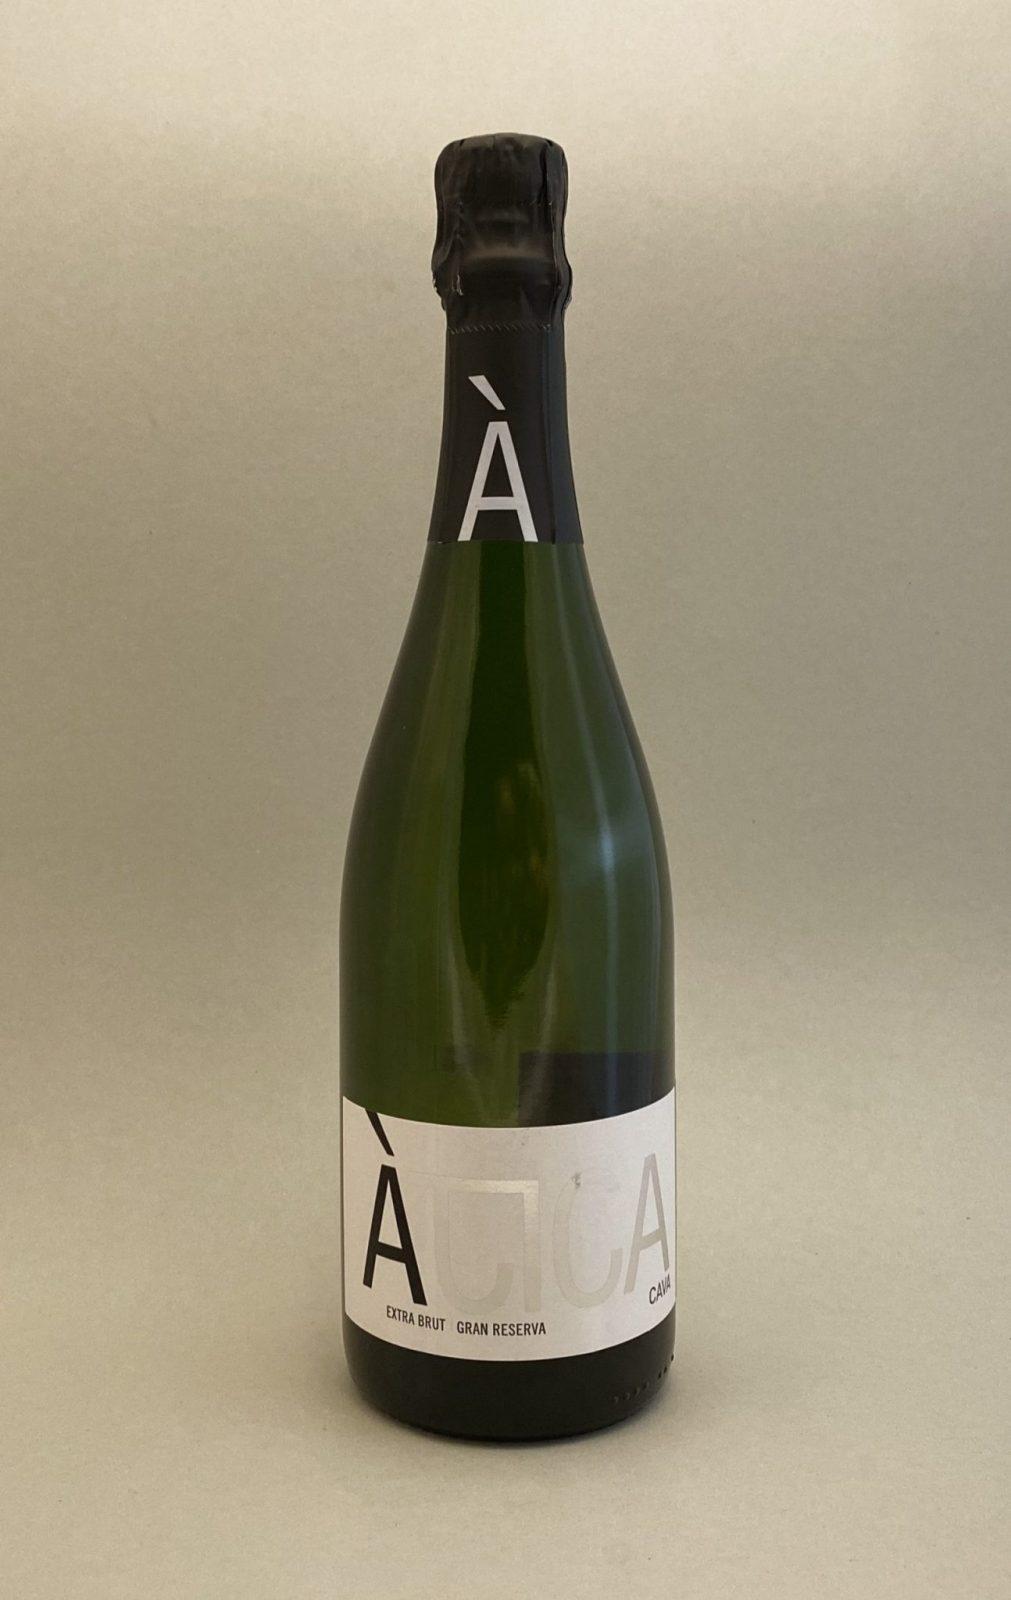 ÀTICA Gran Reserva 2014 Cava Extra Brut, Bulbinkove vino, vinotéka Bratislava Slnecnice, Sunnywines, rozvoz vina, winebar
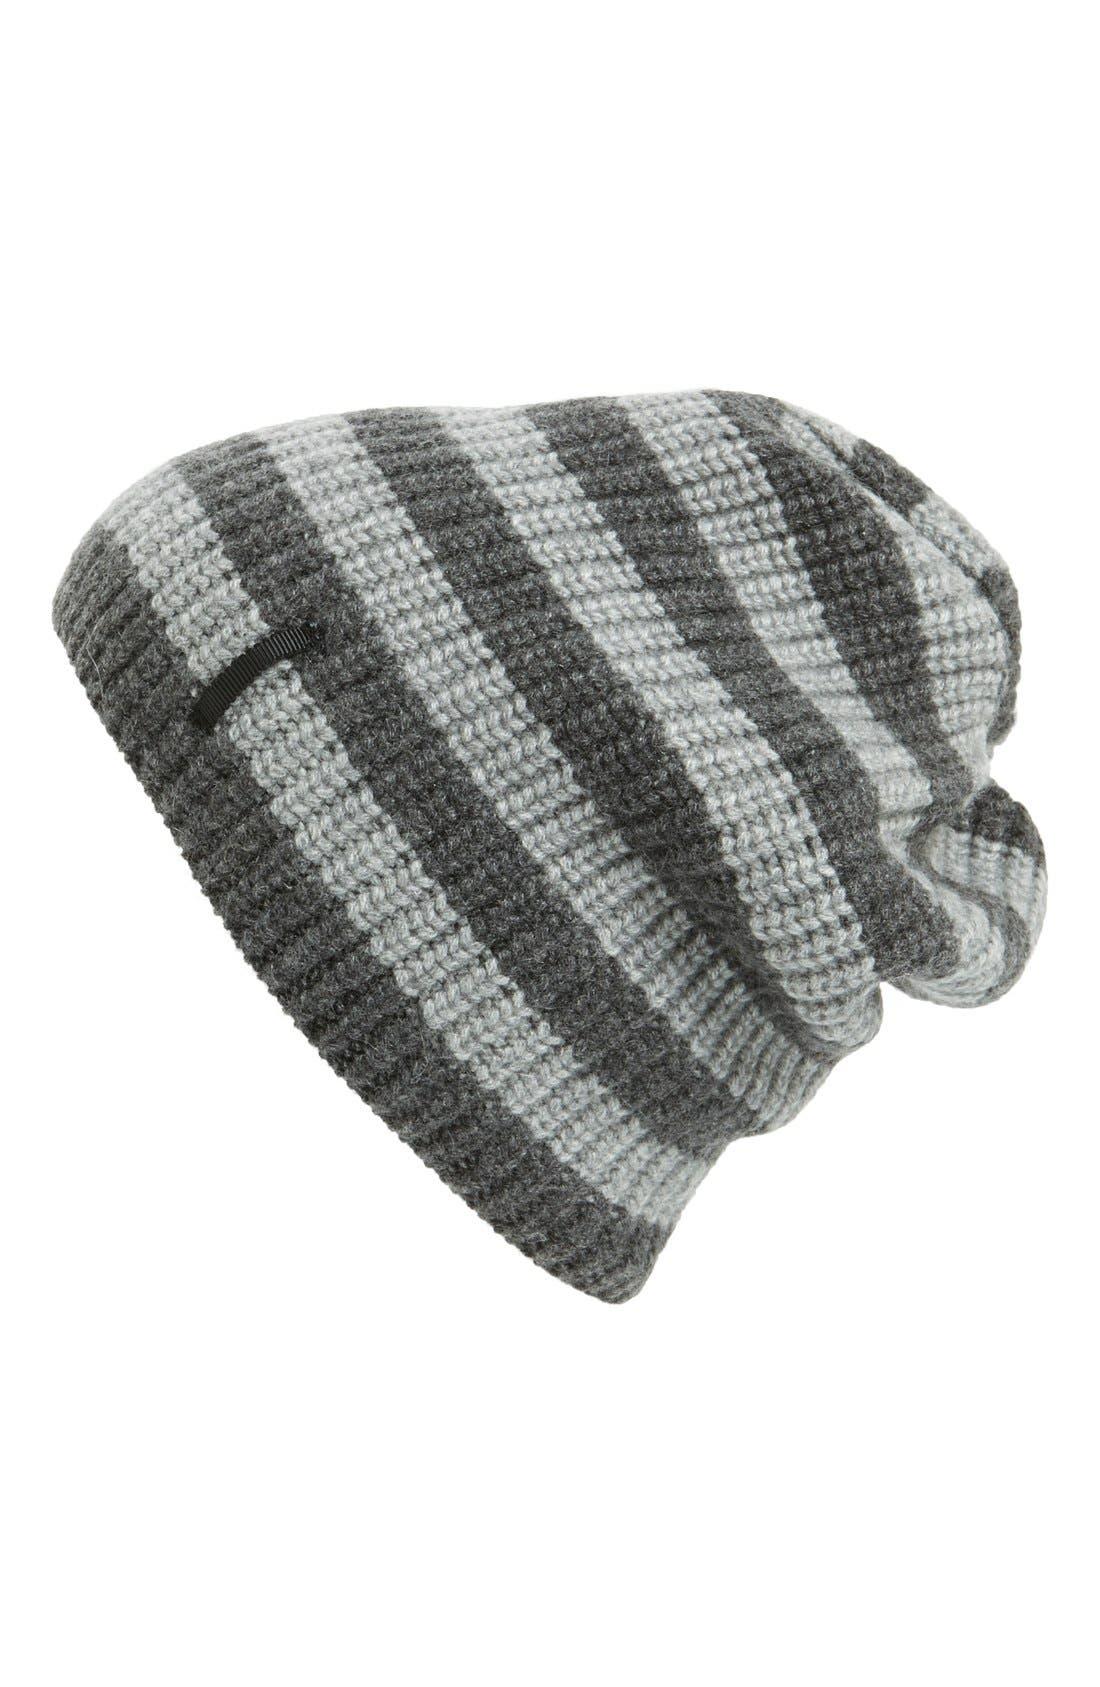 Alternate Image 1 Selected - rag & bone 'Carson Stripe' Cashmere Beanie
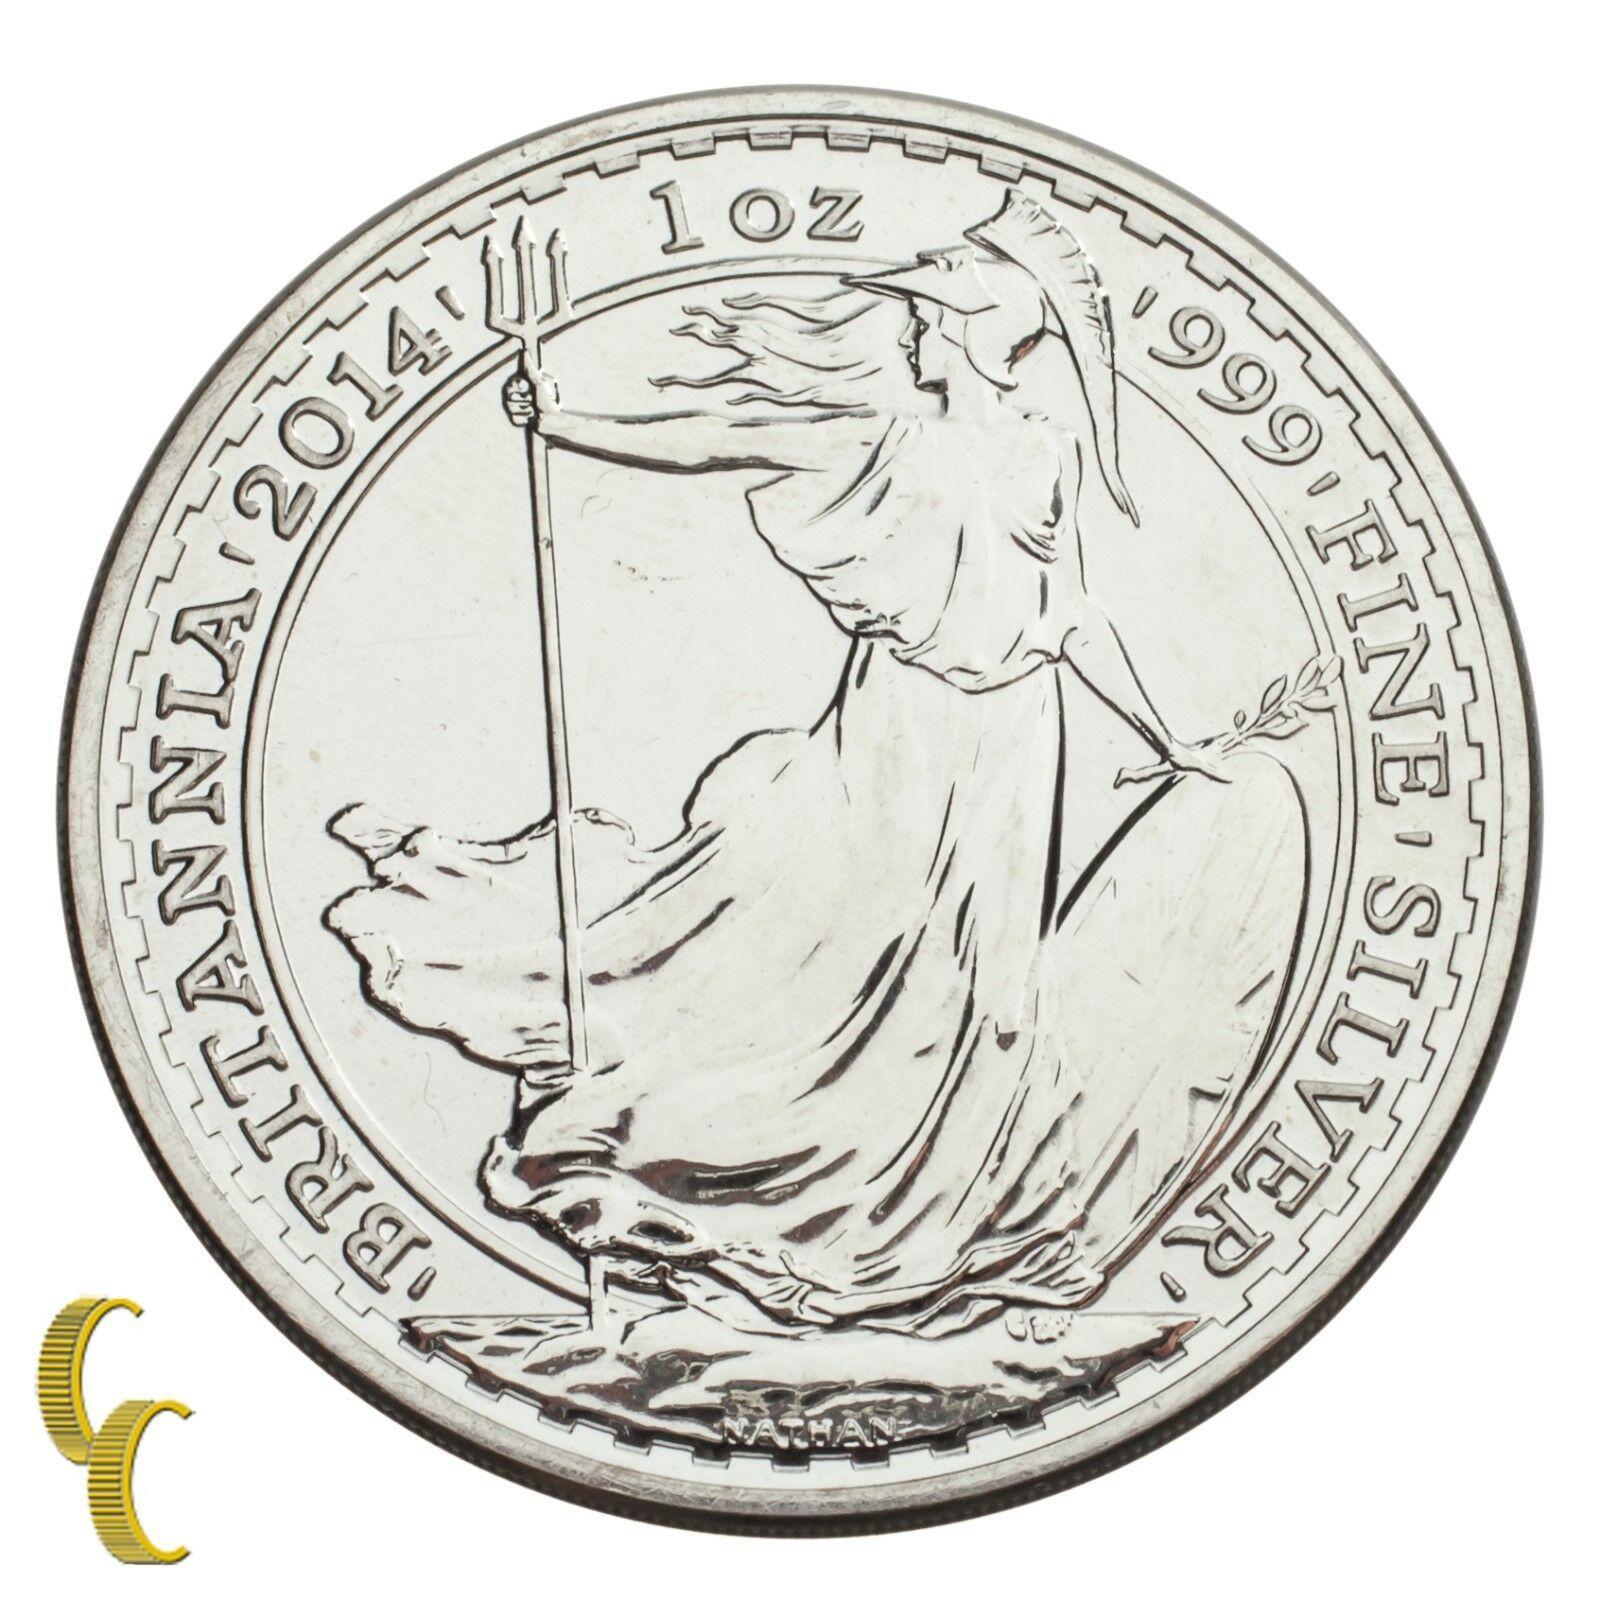 2014 Gran Bretagna Britannia Argento 2 Pound 1 Oncia (Bu ) Brillante UNC
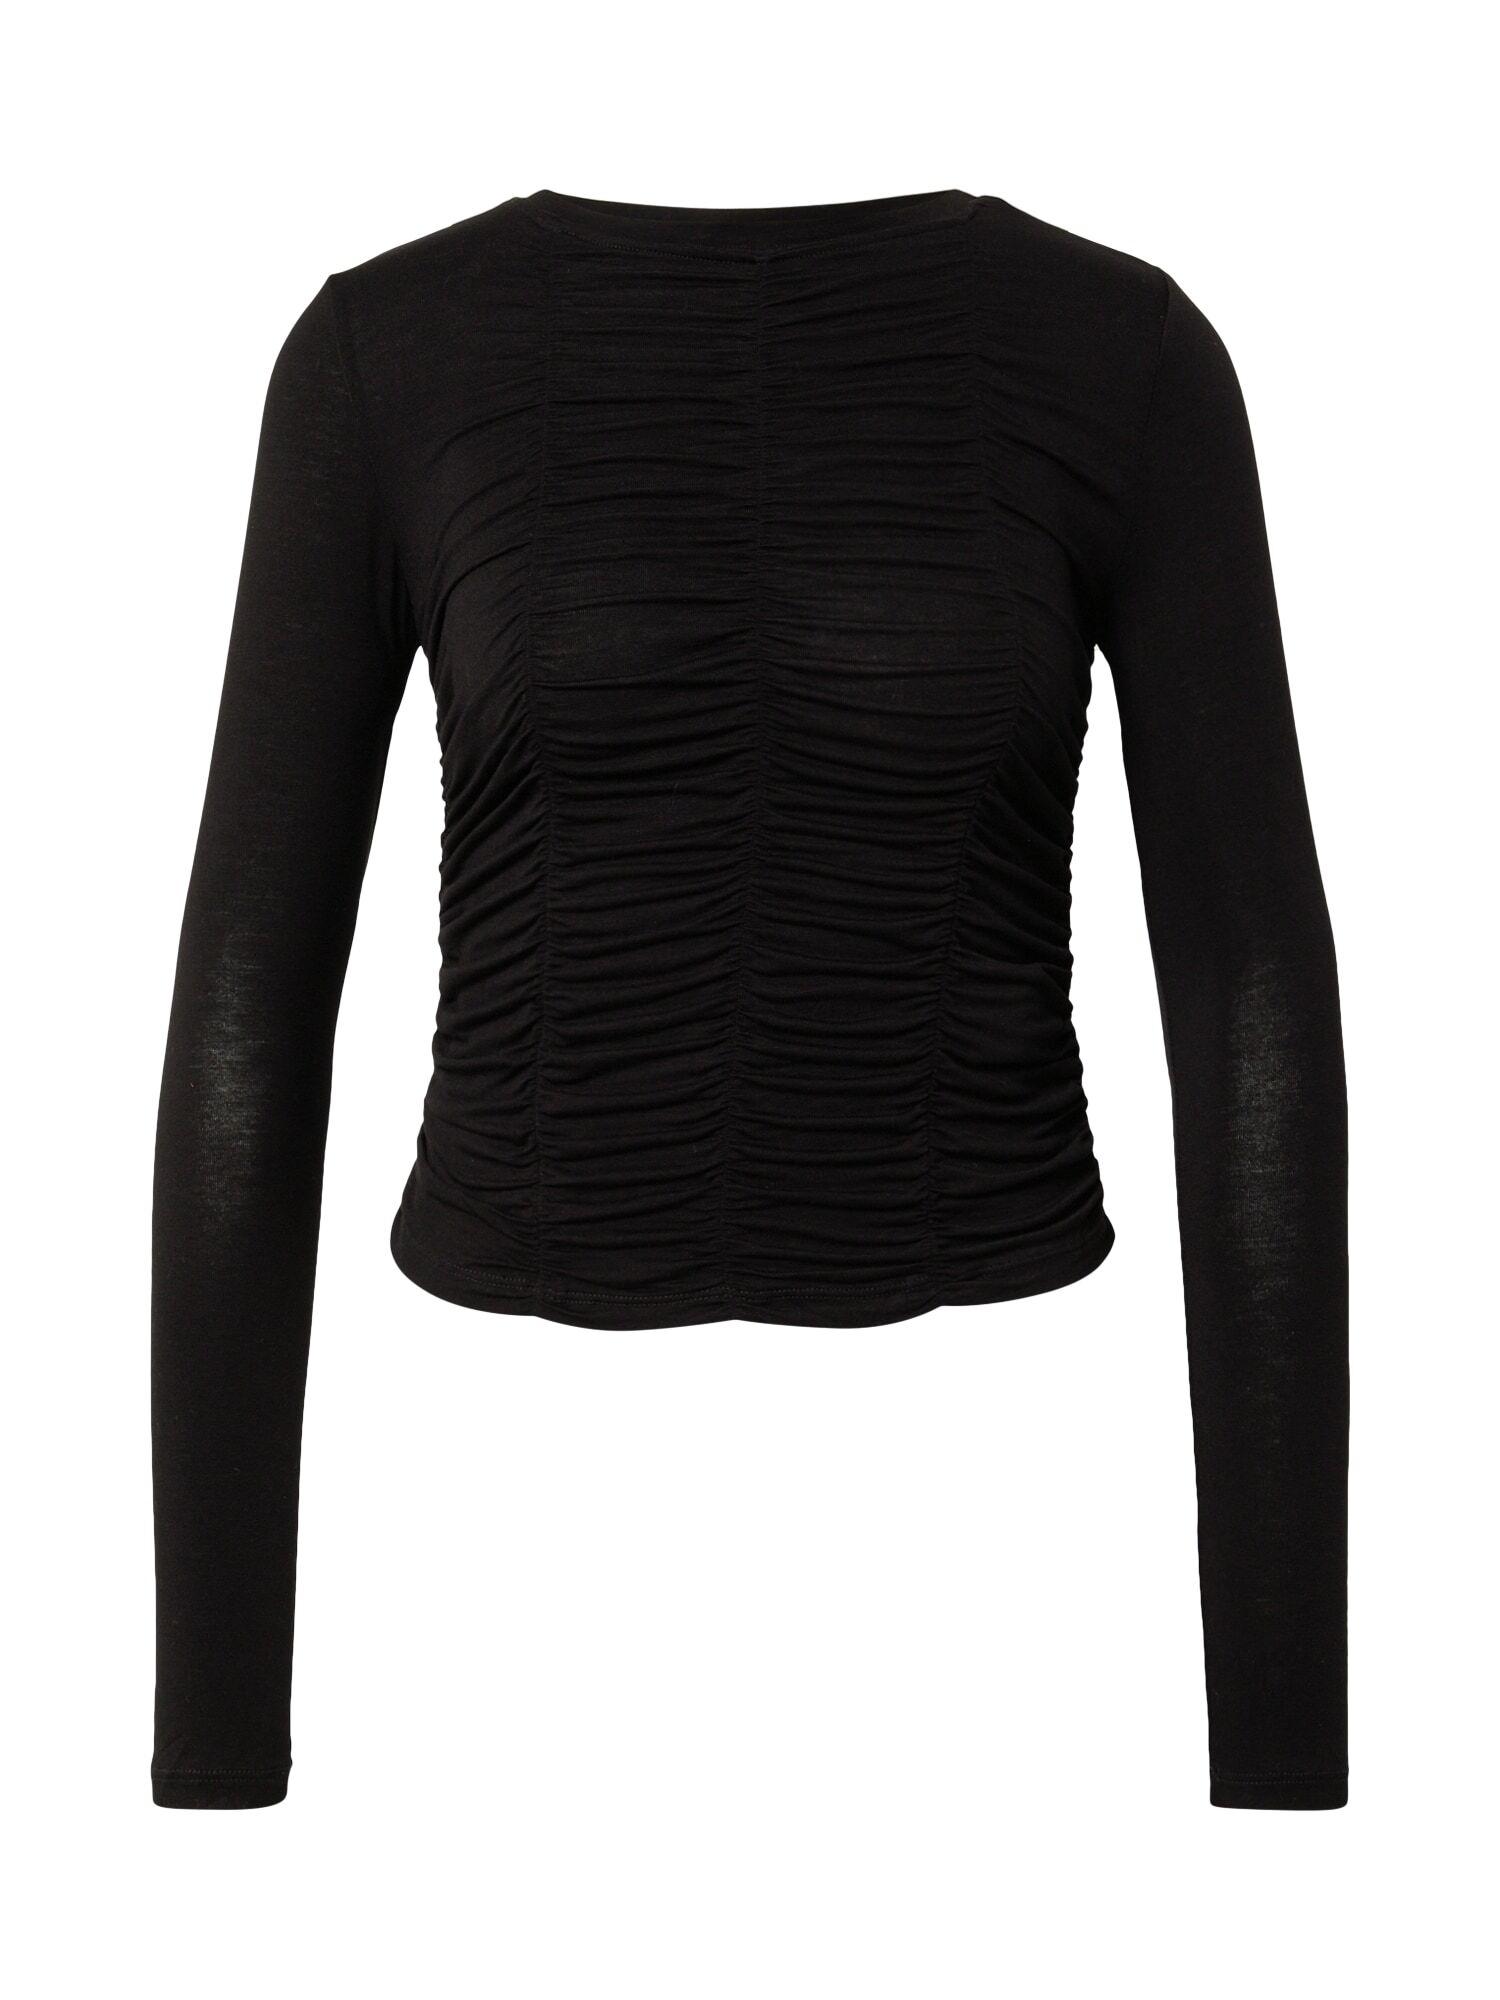 Gina Tricot Haut 'Catti'  - Noir - Taille: XL - female

----------------------------------------

(TASK TO CARRY OUT): Excluding pictures, reproduce the listing above exactly as it stands.

(ANSWER TO THE EXERCISE):
 ÀTICA Gran Reserva 2014 Cava Extra Brut, Bulbinkove vino, vinotéka Bratislava Slnecnice, Sunnywines, rozvoz vina, winebar
 Alternate Image 1 Selected - rag & bone 'Carson Stripe' Cashmere Beanie
 2014 Gran Bretagna Britannia Argento 2 Pound 1 Oncia (Bu ) Brillante UNC
 Gina Tricot Haut 'Catti'  - Noir - Taille: XL - female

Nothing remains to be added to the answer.